Sanine fit grand plaisir à madame Polosov en réfutant les arguments de la jeune femme: «S'il discute, se dit-elle, c'est qu'il capitule ou capitulera. Il a mordu à l'hameçon, il s'assouplit, il perd de sa sauvagerie!…»
Elle répliquait, riait, convenait avec lui qu'il avait raison, restait absorbée, et tout à coup reprenait l'offensive… Et pendant ce temps leurs visages se rapprochèrent, et les yeux du jeune homme ne se détournaient plus des yeux de la jeune femme, qui erraient, se promenaient sur ses traits, et Sanine souriait en réponse, poliment, il est vrai, mais il souriait…
Elle était ravie de le voir discuter les questions abstraites, discourir de l'honneur dans les relations intimes, du devoir, de la sainteté de l'amour et du mariage… C'est un lieu commun: toutes ces abstractions sont bonnes et très bonnes pour le début, comme point de départ.
Les hommes de l'intimité de Maria Nicolaevna assuraient que lorsque dans cet être vigoureux et fort pointaient la modestie, la tendresse et la pudeur virginale,—Dieu sait d'où ces vertus lui venaient—alors, oui alors seulement, les choses prenaient une tournure dangereuse.
L'entretien de Sanine et de Maria Nicolaevna prenait cette tournure fâcheuse.
Il aurait ressenti un grand mépris de soi, s'il avait pu un moment se concentrer en lui-même, mais il n'eut le loisir ni de se concentrer, ni de se juger.
Maria Nicolaevna ne perdait pas non plus son temps.
Et tout cela, parce qu'elle trouvait Sanine très bien! Involontairement on se dit: «comment savoir de quoi peut dépendre notre perte ou notre salut.»

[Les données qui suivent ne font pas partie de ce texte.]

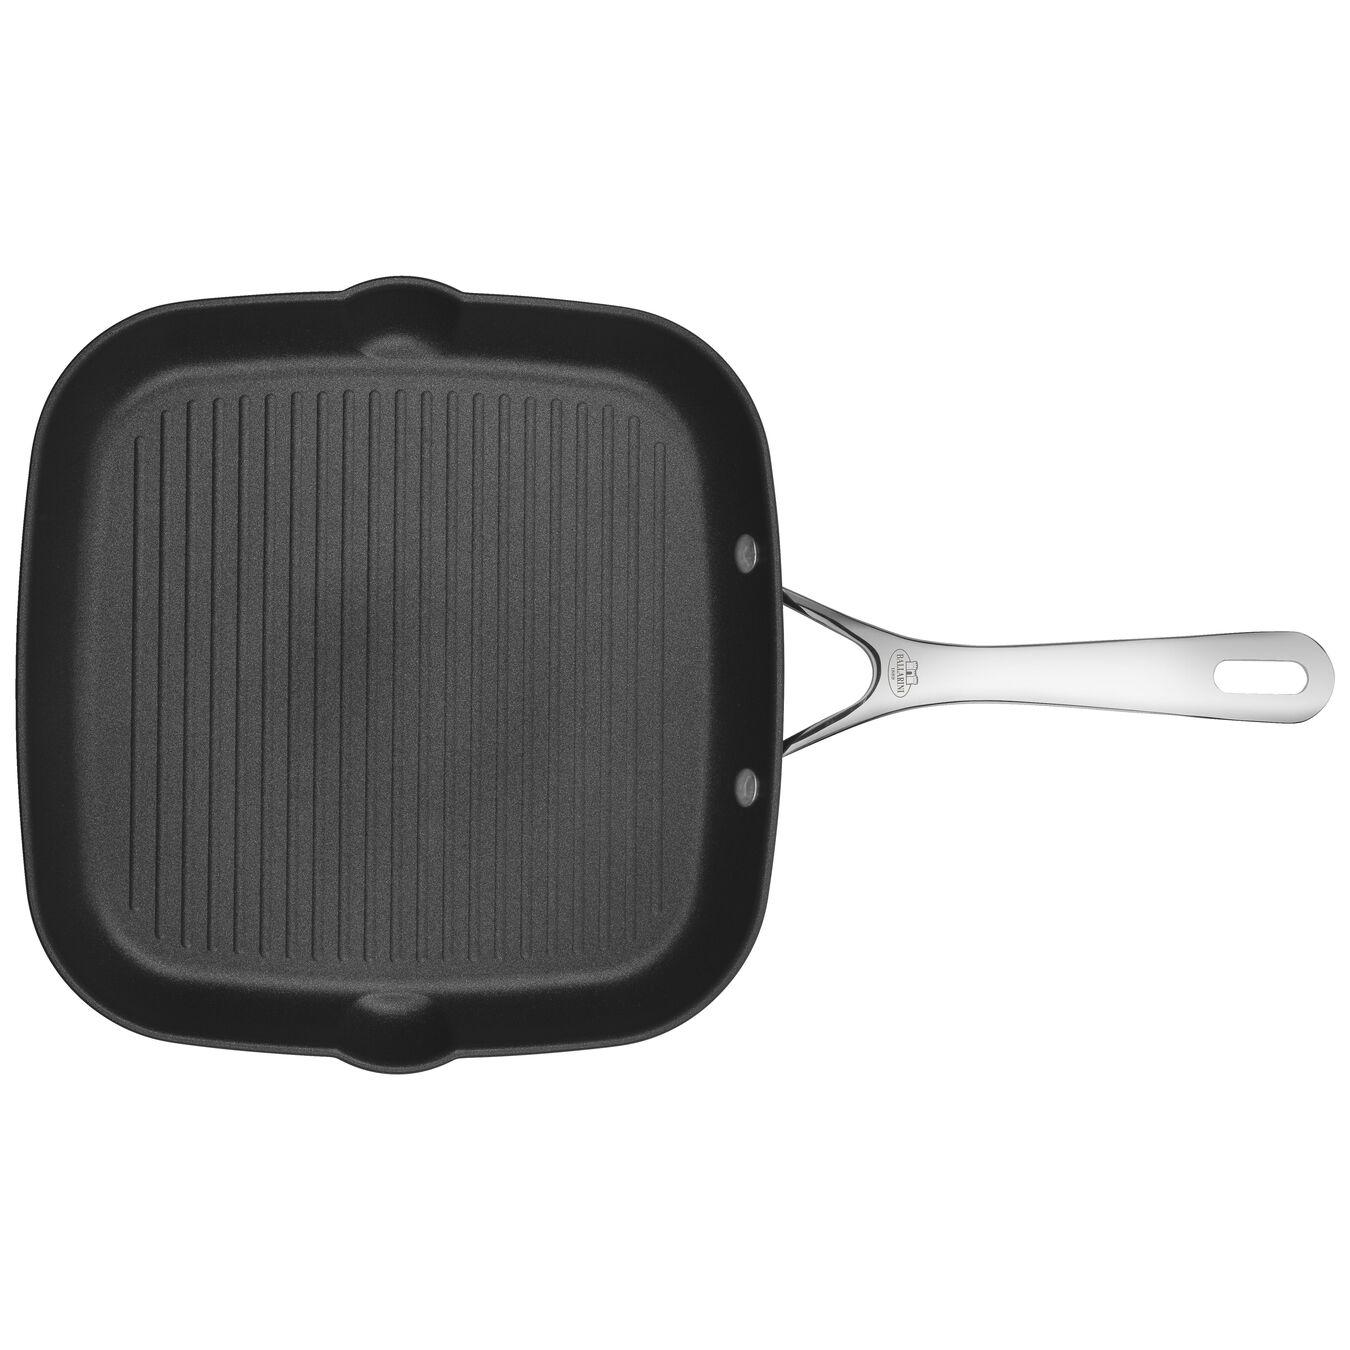 28 cm / 11 inch Aluminum round Grill pan, Black,,large 2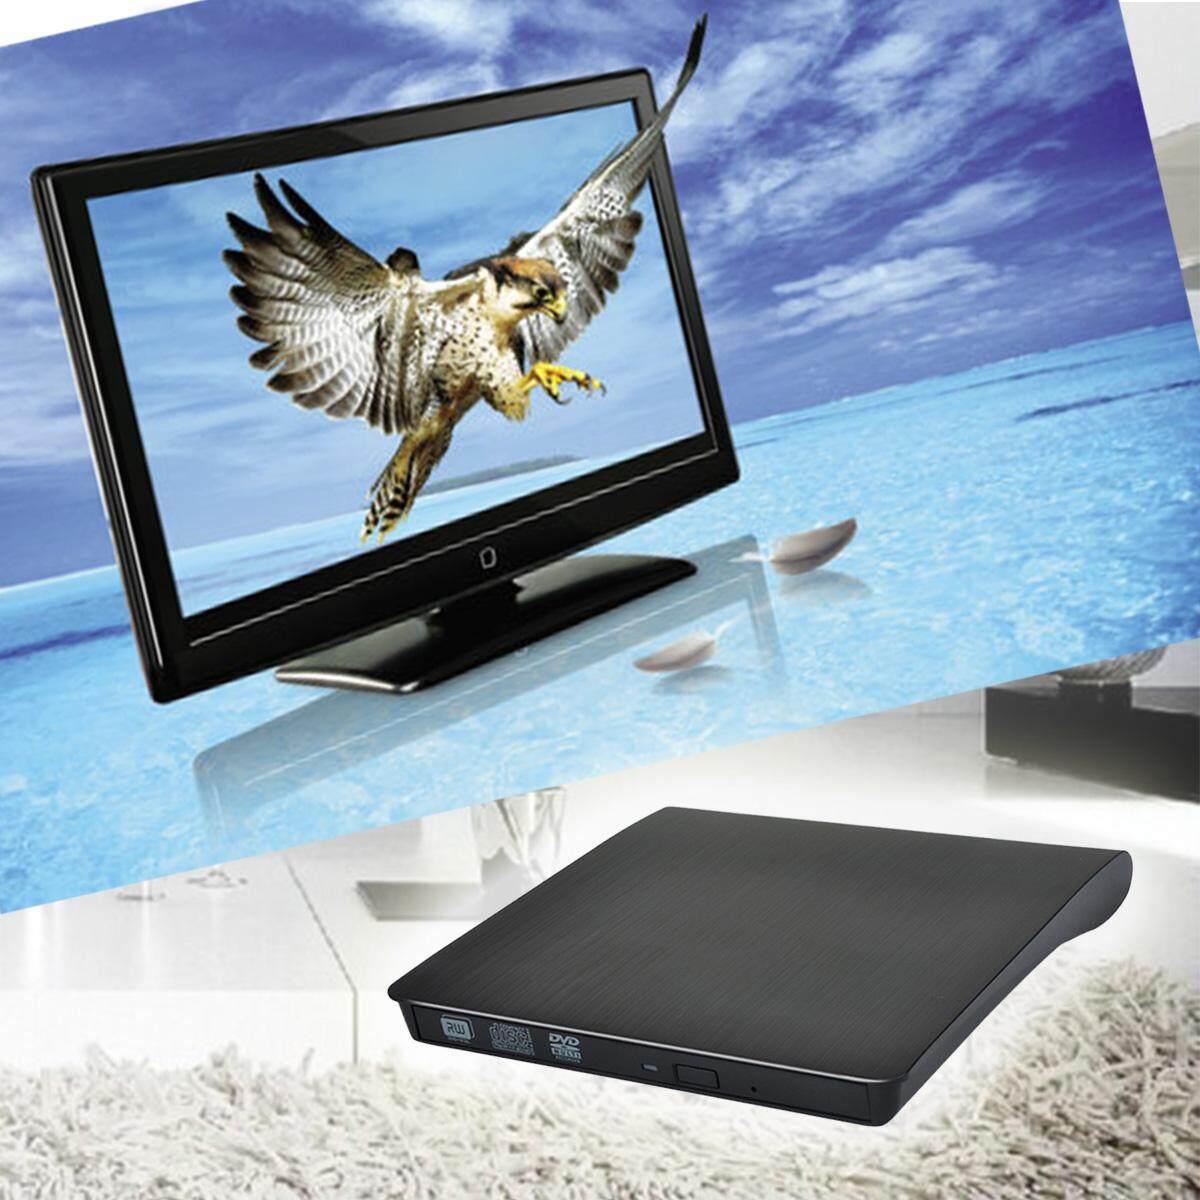 Slim External USB 3.0 CD DVD DVDRW Burner Writer Drive for Laptop Black

Enfin, la pièce finit! Maria Nicolaevna pria Sanine de lui mettre son châle, et resta immobile pendant qu'il enveloppait dans les plis mœlleux du cachemire des épaules vraiment royales. Elle prit le bras du jeune homme et laissa presque échapper un cri: derrière la porte de la loge se tenait, avec un air de revenant, Daenhoff, et par-dessus son dos le vilain museau du critique de Wiesbaden guettait la sortie de Maria Nicolaevna. Le visage huileux de «l'homme de lettres» rayonna de malice.
—Me permettez-vous, madame, de faire avancer votre voiture? demanda le jeune officier à madame Polosov, avec un tremblement de colère mal dissimulée dans la voix.